I have created a function ddCt_ for analyzing the data with the ddCt algorithm (Livak & Schmittgen, 2001). It takes one argument x which is a data.frame of the form exemplified above.
ddCt_ <- function(x) {
# Subset x by control/treatment and target/reference
# Then, calculate Ct averages for each triplicate
TC <- x %>%
select(Reporter, Number, A, B, C) %>%
filter(Reporter == "FAM") %>%
rowwise() %>%
mutate(Ct_Avg = mean(c(A, B, C), na.rm = TRUE))
RC <- x %>%
select(Reporter, Number, A, B, C) %>%
filter(Reporter == "VIC") %>%
rowwise() %>%
mutate(Ct_Avg = mean(c(A, B, C), na.rm = TRUE))
TT <- x %>%
select(Reporter, Number, E, F, G) %>%
filter(Reporter == "FAM") %>%
rowwise() %>%
mutate(Ct_Avg = mean(c(E, F, G), na.rm = TRUE))
RT <- x %>%
select(Reporter, Number, E, F, G) %>%
filter(Reporter == "VIC") %>%
rowwise() %>%
mutate(Ct_Avg = mean(c(E, F, G), na.rm = TRUE))

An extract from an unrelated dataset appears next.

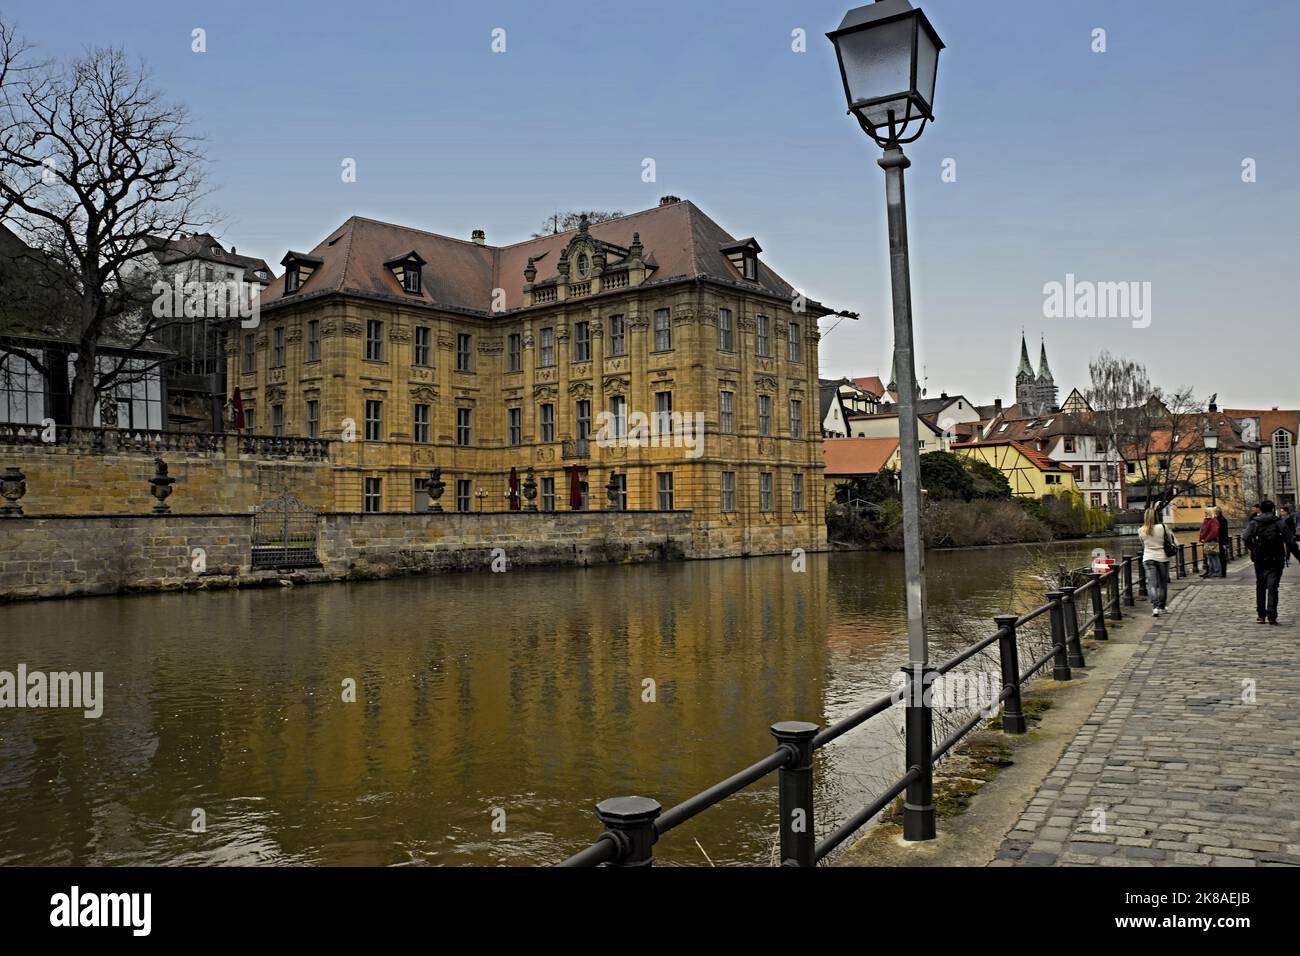 Aufnahme vom gegenüberliegenden Ufer mit Blick in Richtung Altstadt Stock Photo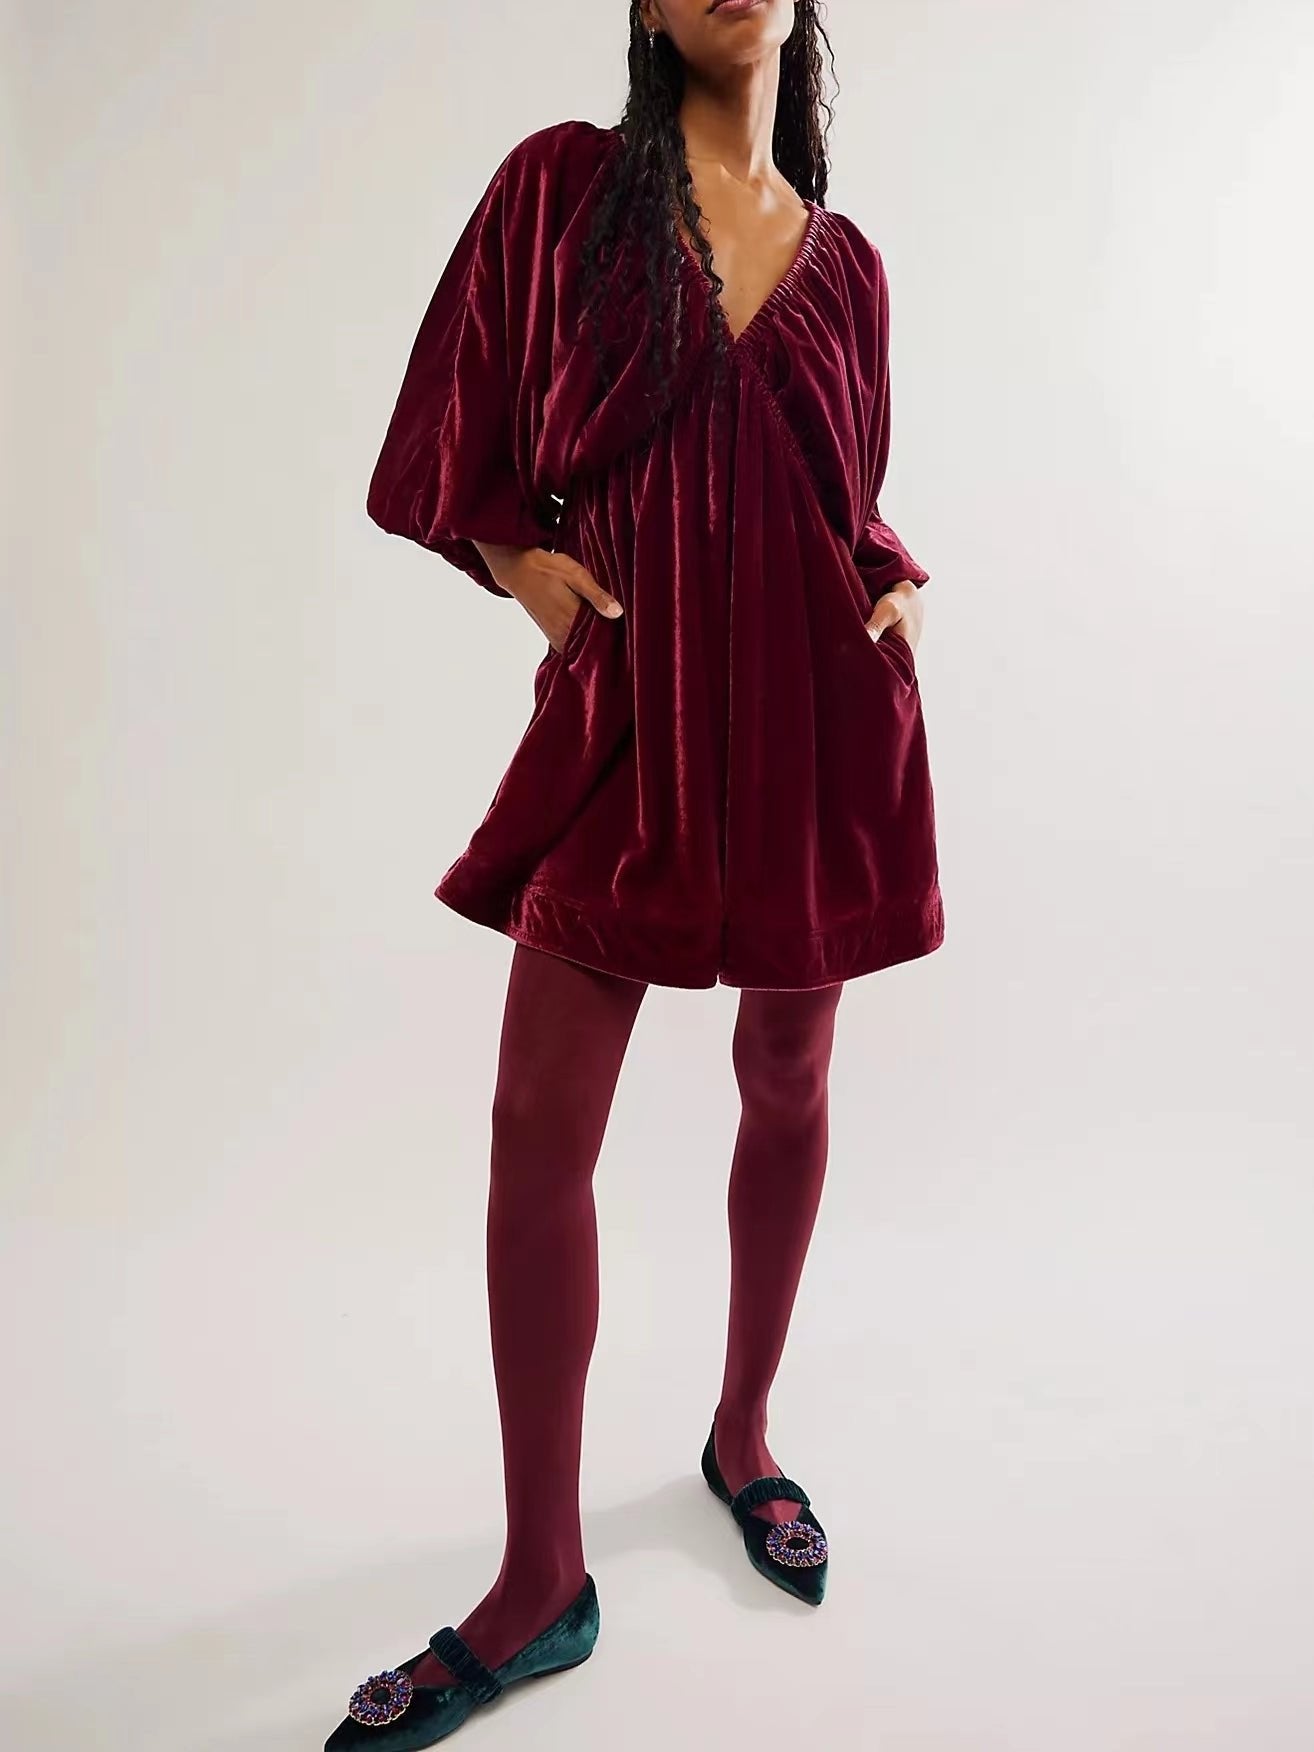 🎄🎁 Christmas Promotion 49% OFF - Portia Velvet Mini Dress

# Normalize Ct of the target gene to the Ct of the reference gene
dCt_control <- TC$Ct_Avg - RC$Ct_Avg
dCt_treatment <- TT$Ct_Avg - RT$Ct_Avg
# Normalize dCt of the treatment group to the dCt of the control group
ddCt <- dCt_treatment - dCt_control
# Calculate fold change
fc <- 2^(-ddCt)
# Calculate avg and sd
dCt_control_avg <- mean(dCt_control)
dCt_control_sd <- sd(dCt_control)
dCt_treatment_avg <- mean(dCt_treatment)
dCt_treatment_sd <- sd(dCt_treatment)
# Create output
df <- data_frame(
Sample = 1:12, "dCt Control" = dCt_control, "dCt Treatment" = dCt_treatment,
"ddCt" = ddCt, "Fold Change" = fc, "dCt Control Avg" = dCt_control_avg,
"dCt Control SD" = dCt_control_sd, "dCt Treatment Avg" = dCt_treatment_avg,
"dCt Treatment SD" = dCt_treatment_sd
) %>% round(2)
write.csv(x = df, file = "result.csv")
saveRDS(object = df, file = "result.rds")
df
}
However, I am not a biochemist or molecular biologist, so I am unsure of the basic concepts involved and the overall approach. So, my questions are:
- Is the function correct?
- Why is it important to calculate fold change and standard deviation after normalization?